Comment 25 Joost de Valk (AlthA) 2006-07-06 05:49:17 PDT
ddkilzer, any plans of looking at this one again? :)
Comment 26 Joost de Valk (AlthA) 2006-07-06 05:54:47 PDT
*** Bug 9443 has been marked as a duplicate of this bug. ***
Comment 27 Joost de Valk (AlthA) 2006-07-06 05:55:12 PDT
*** Bug 8772 has been marked as a duplicate of this bug. ***
Comment 28 Robert Burns 2006-09-14 19:27:05 PDT
this was due to loading XHTML as text/html instead of application/xhtml+xml. Once this was fixed the elements werre no longer moved to the body. It still may be a bug to move HTML elements about in a document (as opposed to leaving them in place and not rendering or processing them), but it's not a bug with the XML implementation as I had reported.
Comment 29 David Kilzer (:ddkilzer) 2006-09-14 20:19:22 PDT
(In reply to comment #28)
> this was due to loading XHTML as text/html instead of application/xhtml+xml.
> Once this was fixed the elements werre no longer moved to the body. It still
> may be a bug to move HTML elements about in a document (as opposed to leaving
> them in place and not rendering or processing them), but it's not a bug with
> the XML implementation as I had reported.

I believe the above comment was meant for Bug 10507.

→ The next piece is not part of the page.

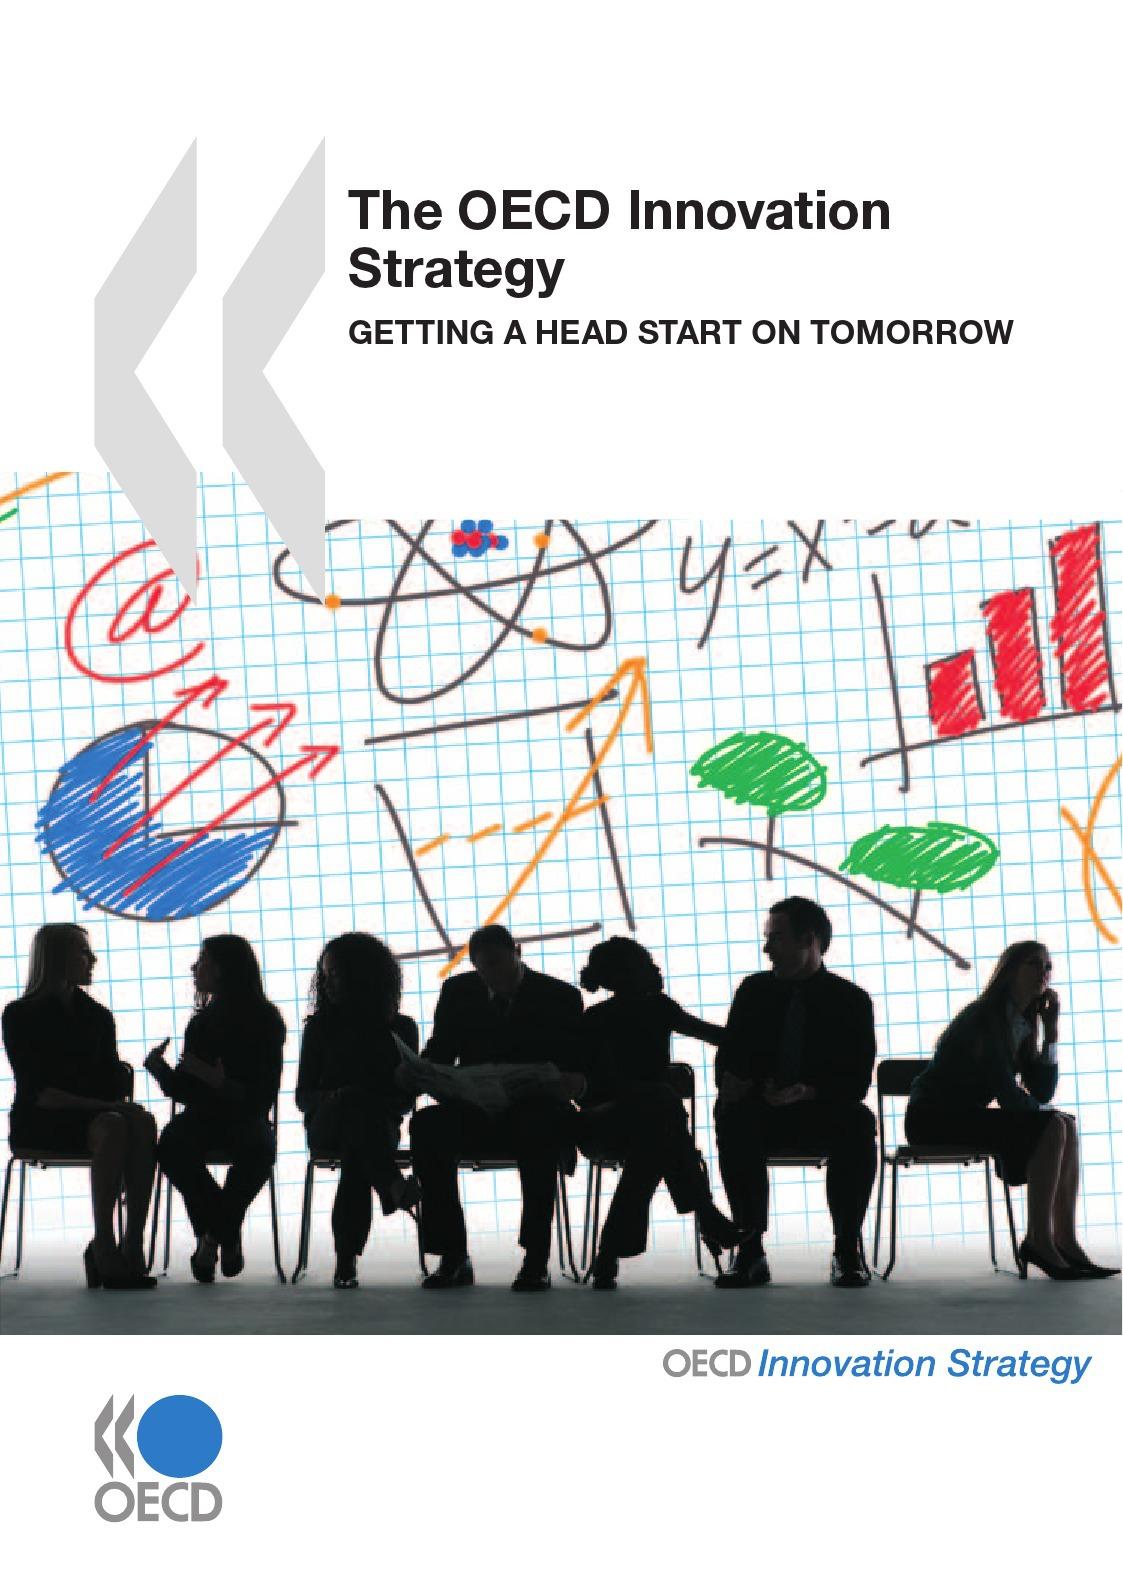 The OECD Innovation Strategy

Comment 30 Robert Burns 2006-09-19 12:56:00 PDT
(In reply to comment #29)
> (In reply to comment #28)
> > this was due to loading XHTML as text/html instead of application/xhtml+xml.
> > Once this was fixed the elements werre no longer moved to the body. It still
> > may be a bug to move HTML elements about in a document (as opposed to leaving
> > them in place and not rendering or processing them), but it's not a bug with
> > the XML implementation as I had reported.
> 
> I believe the above comment was meant for Bug 10507.
> 

Yes, that's correct. Sorry for the mixup.
Comment 31 Ian 'Hixie' Hickson 2007-12-27 23:22:30 PST
I believe this is INVALID. Reparsing is a security risk and HTML5 says not to. Other browsers are converging on that behaviour too.